4. Performance Characteristics and Evaluation

Empirical studies reveal sharp distinctions in throughput, latency, write amplification, and scalability among recent centralized KV store designs:

Store / Design	Point Lookup Throughput	Range Scan Performance	Update/Insert Rate
DPA-Store (Schimmelpfennig et al., 9 Jan 2026)	33 MOPS (GET, median ≤3.2 μs)	13 MOPS for 10-key ranges	12 MOPS (UPDATE), 1.7 MOPS (INSERT, bottlenecked by host-DPA write path)
LearnedKV (Wang et al., 2024)	Up to 4.32× faster reads vs.
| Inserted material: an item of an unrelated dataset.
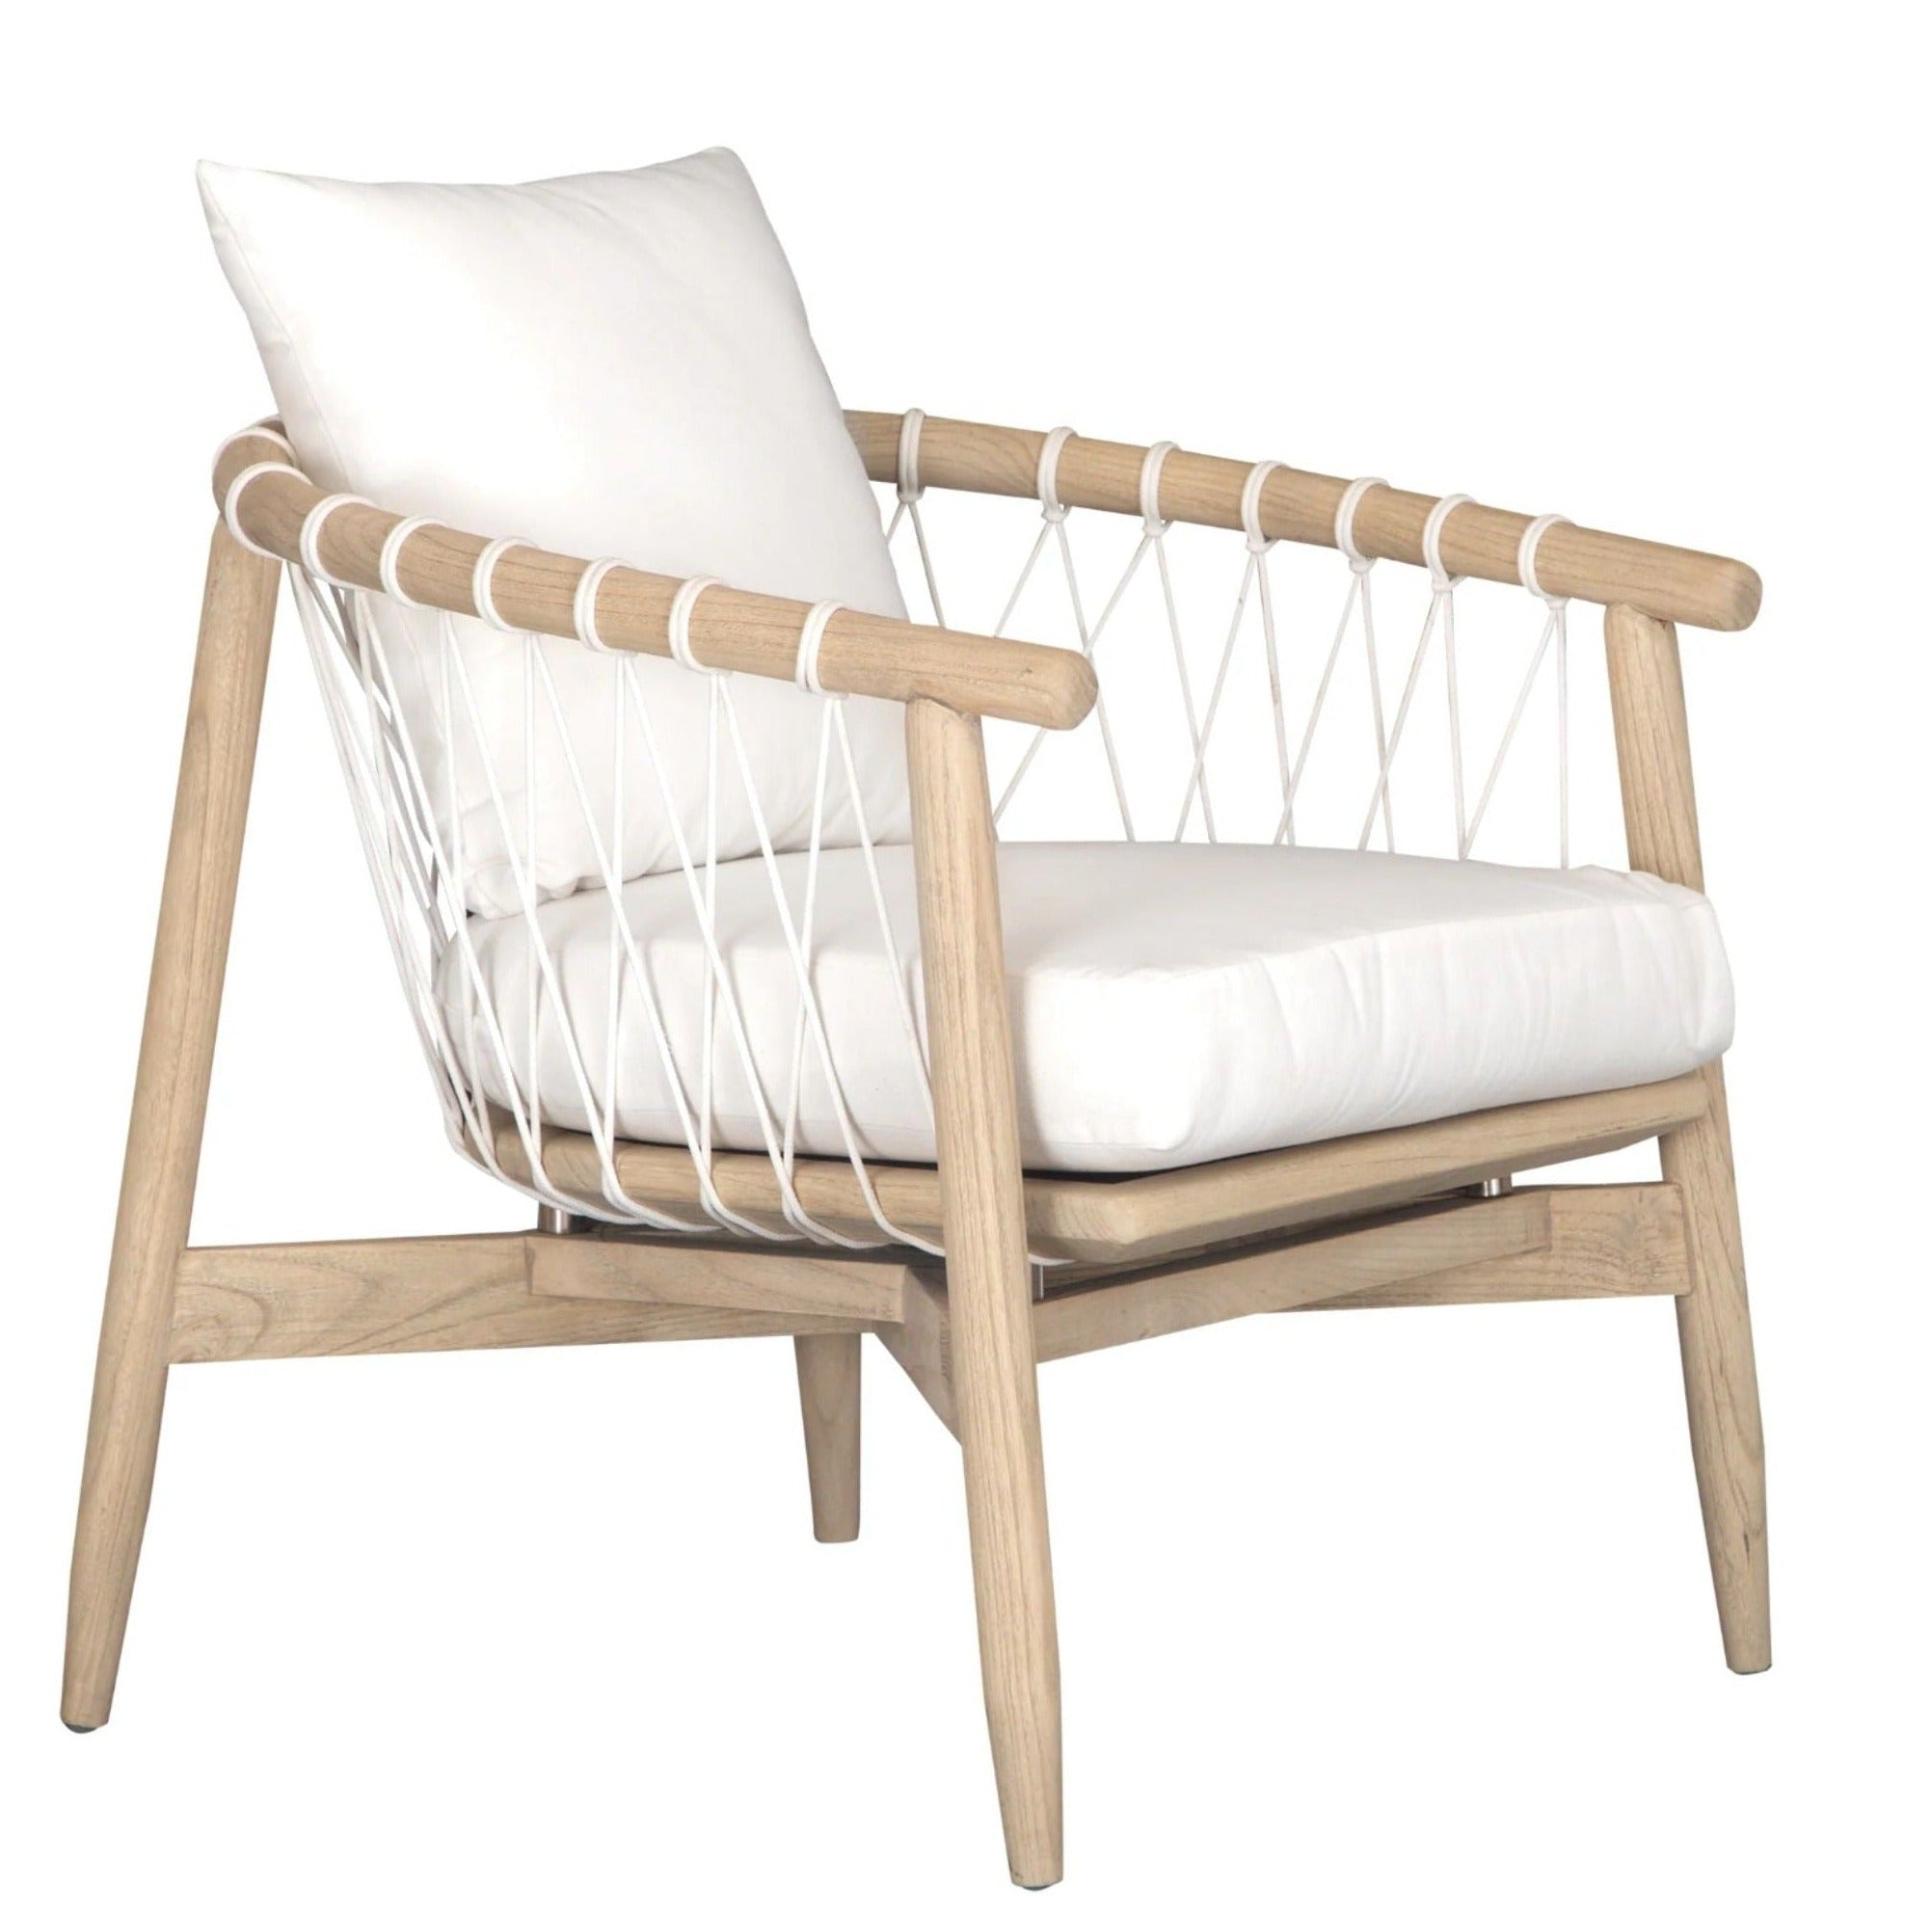 Uniqwa Arniston Occasional Chair - Natural

LSM	1.3×–5× faster, one-shot LI prediction	1.43× write speedup, LSM reduced by α (fraction in LI)
HashKV (Li et al., 2018)	Matches/exceeds LSM on large KVs	Matches LSM on ≥4 KiB, up to 70% slower for small KVs	4.6× throughput over vLog, 1.3–1.4× over RocksDB/LDB

Performance evaluation consistently uses metrics such as median and tail latency, MOPS (million operations per second), WA (write amplification), and DRAM footprint. DPA-Store is constrained primarily by DPA memory and PCIe DMA latency; with architectural refinements (e.g., lower DPA memory latency, block-DMA), GET rates could surpass 60 MOPS. LearnedKV’s main bottlenecks are conversion/compaction throughput and the efficiency of bulk data movement across the Bloom-filtered LSM and learned index tiers. HashKV’s gains are maximized for workloads with high update skew, significant value size, and tail-heavy “hot” value access distributions.
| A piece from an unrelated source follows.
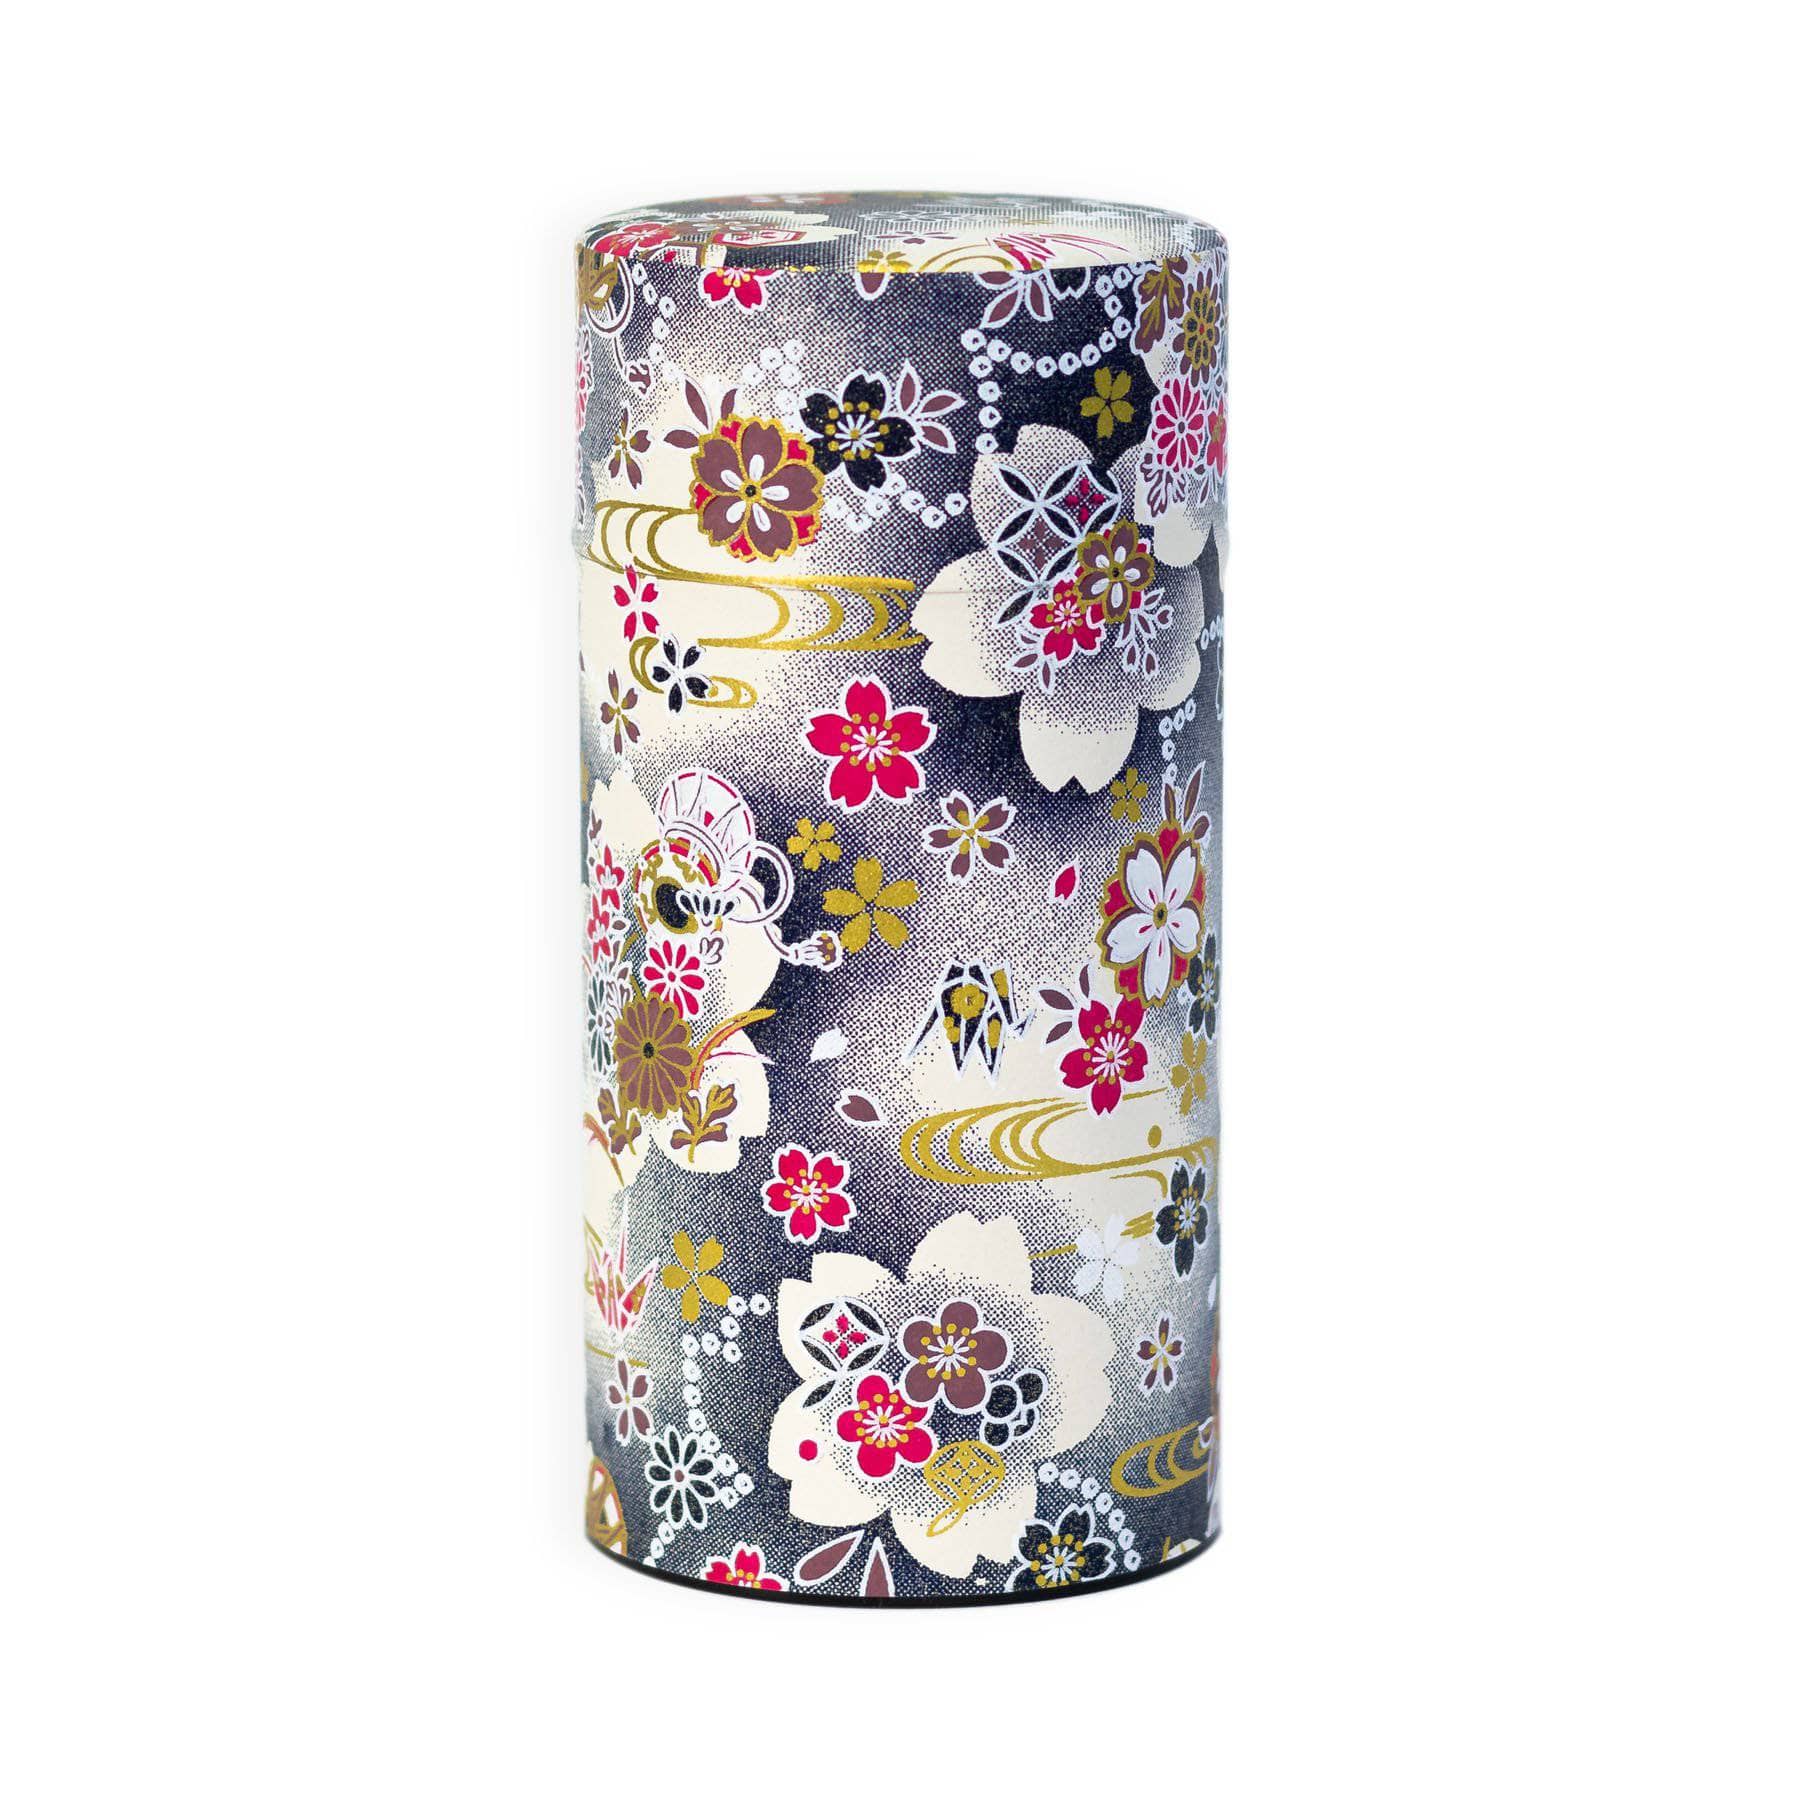 Tea Canister - Japanese Floral  -  Accessories  -  Full Leaf Tea Company

5. Design Trade-Offs, System Integration, and Best Practices

Key design tension points in centralized KV stores include index complexity, update path efficiency, storage cost, and scalability:

Separation of Concerns: Partitioning logic—placing only read-heavy and latency-sensitive structures on fast-path (e.g., DPA-resident learned indexes) and relegating complex or infrequent mutative operations to background or host-processing—yields both performance and simplicity (Schimmelpfennig et al., 9 Jan 2026).
Model-Driven Indexing: Employing learned indexes or PLA/PLR models applies statistical modeling principles (segmental regressions with strict error bounds) in lieu of traditional B+-trees, compressing metadata and minimizing memory/core pressure, especially in hardware-constrained environments (Wang et al., 2024).
Hash-Based Grouping: HashKV’s deterministic value grouping allows per-group GC and eliminates LSM lookups during reclamation, but this may complicate range-scan support or cold-item migration (Li et al., 2018).
Tunability: Error bounds for learned models, segment sizes, Bloom filter bits per key, and GC thresholds are all key parameters with workload-dependent optimal settings for throughput, memory, and amplification minimization (Wang et al., 2024, Schimmelpfennig et al., 9 Jan 2026).
Integration: HashKV integrates seamlessly with existing LSM-backed stores (LevelDB, RocksDB, HyperLevelDB, PebblesDB) by plugging in the segment-grouped value log and GC logic with minimal code changes, consistently improving throughput for write-heavy applications (Li et al., 2018).
Concurrency Control: DPA-Store enables lock-free traversers for fast-path reads and employs RCU/epoch-based reclamation, while patchers and stitchers serially manage updates to avoid races. GC in LearnedKV and HashKV runs in the background without observable latency spikes or correctness anomalies (Schimmelpfennig et al., 9 Jan 2026, Wang et al., 2024).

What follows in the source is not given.